What the Latest UK Jobs Data Means for Science, Engineering & Manufacturing

How to Stay Ahead in the 2026 Job Market

The latest UK Report on Jobs January 2026 from KPMG and the Recruitment and Employment Confederation (REC), compiled by S&P Global from data from 400 Recruitment Companies, paints a cautious picture of the UK jobs market at the end of 2025.

Permanent placements have fallen at the sharpest rate since August. Temporary billings have dipped again. Vacancies are down, while candidate availability is rising. In a more challenging job market what is the best strategy as a job seeker?

Understand the Market You’re Walking Into

Recent data from the Recruitment and Employment Confederation and KPMG highlights a clear shift in conditions. Permanent placements have now declined for 39 consecutive months. Redundancies in parts of the economy have increased overall candidate supply. Employers remain cautious, balancing hiring decisions against cost pressures and economic uncertainty. As a result, many are leaning more heavily on temporary and contract models. At the same time, salary inflation is edging upwards again — although still below long-term historic averages. In practical terms, this means more candidates are competing for fewer vacancies.
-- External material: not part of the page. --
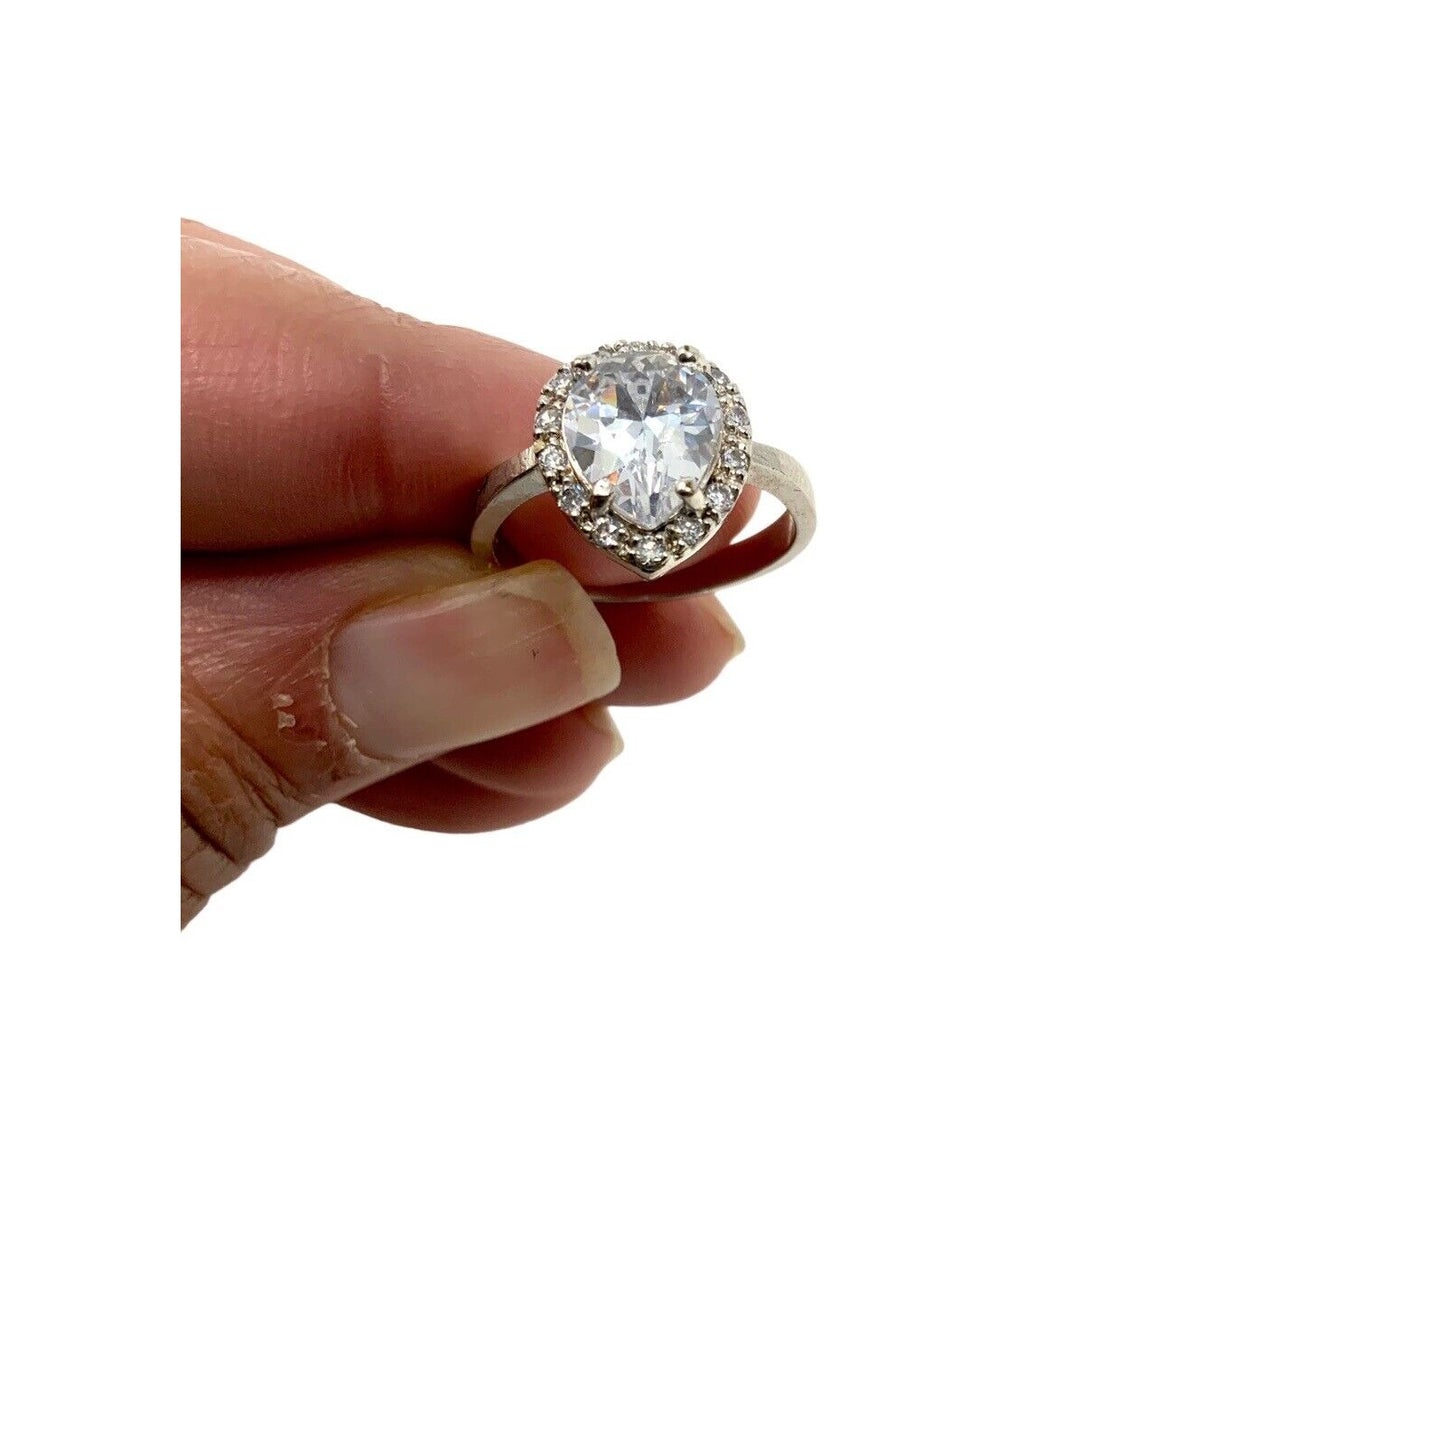 Sterling Silver .925 Engagement Style Ring with Pear-Shaped Cubic Zirconia Stones

So how do you maximise your chances as a professional in Science, Engineering or Manufacturing?

Be Precise and expand on your expertise

In competitive markets, hiring managers look for reduced risk.

Instead of saying:

 “Experienced Mechanical Engineer with broad experience”

Say:

“Mechanical Design Engineer with 8 years’ experience in injection mould tooling, SolidWorks and DFM optimisation within regulated manufacturing environments.”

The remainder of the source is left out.